The country has the Biden blues bad, and that ain’t good.
Joe
Biden, 46th president of the United States, has pushed all the buttons
that were supposed to be the right ones and they have produced no result
or the wrong result.
Domestically,
things have been bad enough. He hasn’t convinced anyone that he has a
viable border policy and his point person on the issue, Vice President
Kamala Harris, has no ideas and an aversion to being reminded that she
is the policy chief of the border.
His
stimulus package, so timely at the time, now appears to have
overstimulated the economy, leading to the worst inflation since the
1970s.
Congress
frustrates the president routinely. The man who spent 36 years in
Congress is unable to find consensus. To the shame of the Democrats, the
Guantanamo Bay prison remains open.
Crime is rampant, cities are again unsafe. The administration has been silent, pointing up a sustained ideas drought.
Abroad,
things have been worse and more consequential. As vice president, Biden
prided himself on his foreign policy nous. But as president, he seems
to be a study in foreign policy infelicity. Doing the right thing at the
wrong time is his special talent.
The
speedy, ill-considered withdrawal from Afghanistan is emblematic of the
Biden blunders. It led one to wonder what he is told in those daily
briefings? What was he told that led him to believe that he should build
on Donald Trump’s foolish negotiation with the Taliban? Biden seized
that misbegotten idea and executed it.
Similarly,
when a column of asylum seekers was making its way up South America
from as far as Chile, didn’t the daily briefings mention this; explain
that this appeared to be well-financed. If he weren’t told, what action
did he take to make sure there wouldn’t be such failures going forward?
Biden
persuaded Germany not to certify the Nord Stream 2 pipeline under the
Baltic Sea, taking natural gas from Russia directly to Germany.
That
Germany has willingly climbed between the sheets with the Russian Bear
wasn’t Biden’s fault, but Nord Stream 2 was a long time in planning and
construction. It all got going during the Obama years when Biden was
being thought of as the vice president who understood foreign policy.
That
was the time to dissuade Germany, not when it is complete and threatens
to drive a wedge between Germany and NATO. Friends don’t let friends
date the bear. They warn them off.
Now
comes the Winter Olympics in China. Taking your marbles and going home
isn’t a good strategy. The game goes on and you are out of it, as with
Biden’s diplomatic boycott of the games.
That
led not to a better deal for the Uighurs, but to the world being
treated to innumerable images of Chinese President Xi Jinping and
Russian President Vladimir Putin together — images that suggested they
represent a new Axis that can dismember the world as they wish.
Those
images are more damaging than any agreements the two caudillos
concluded; they cement the sense that the West is defenseless against
dictators.
In
his administration, Biden’s propensity to do the right thing and get
the wrong result is demonstrated in his relationship with Harris. He has
worked hard to elevate her to a status she isn’t earning for herself.

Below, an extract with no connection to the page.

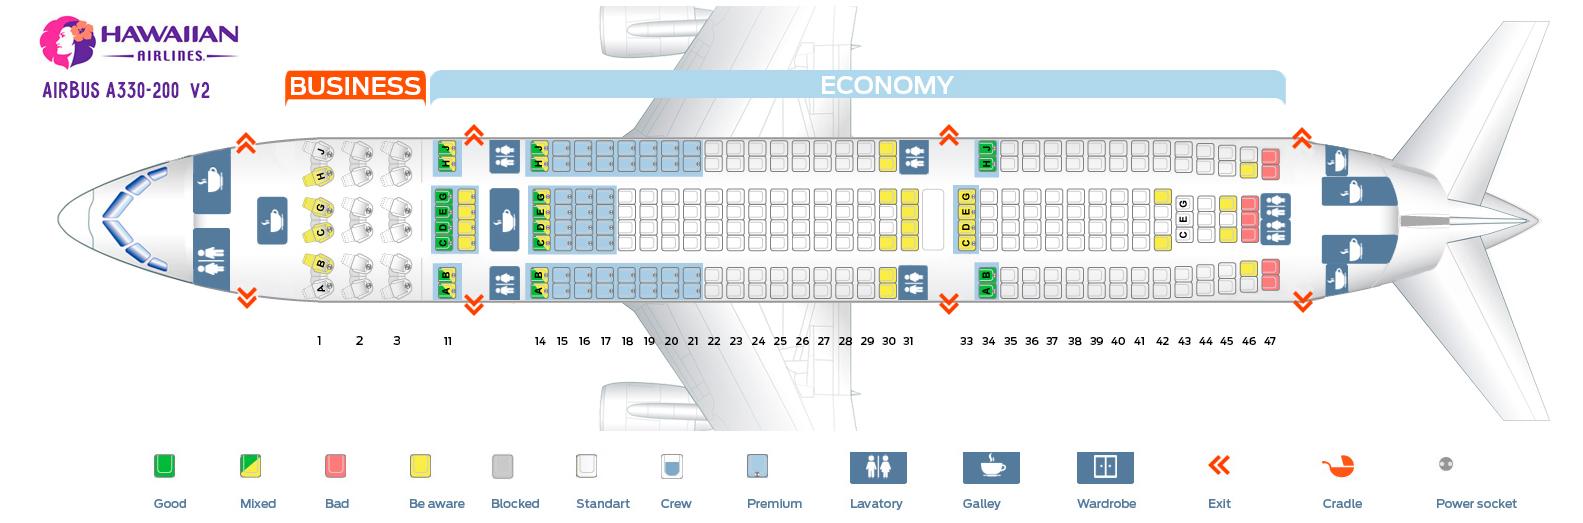 Top 10 Punto Medio Noticias A330 Seat Map Virgin
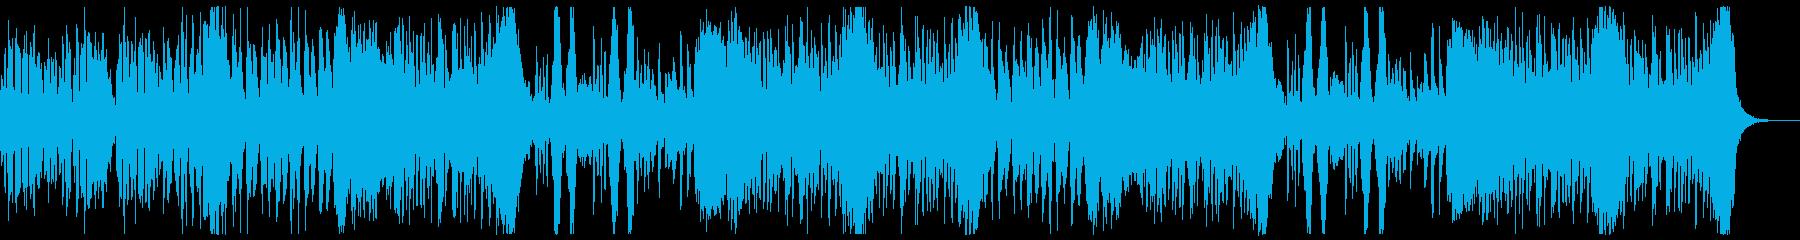 小悪魔やかわいいオバケ・ハロウィンの再生済みの波形

The administration now bills itself as the Biden-Harris administration.
It was never the Obama-Biden administration.
Biden’s
cabinet is filled with the right people for a charity event: good
people who are likable and bland to a fault. The exceptions are
Transportation Secretary Pete Buttigieg and Commerce Secretary Gina
Raimondo. Sadly, neither is in a position where they can redirect the
ship of state or even nudge it back on course. If you don’t have the
mettle yourself and lack the needed cunning, hire it.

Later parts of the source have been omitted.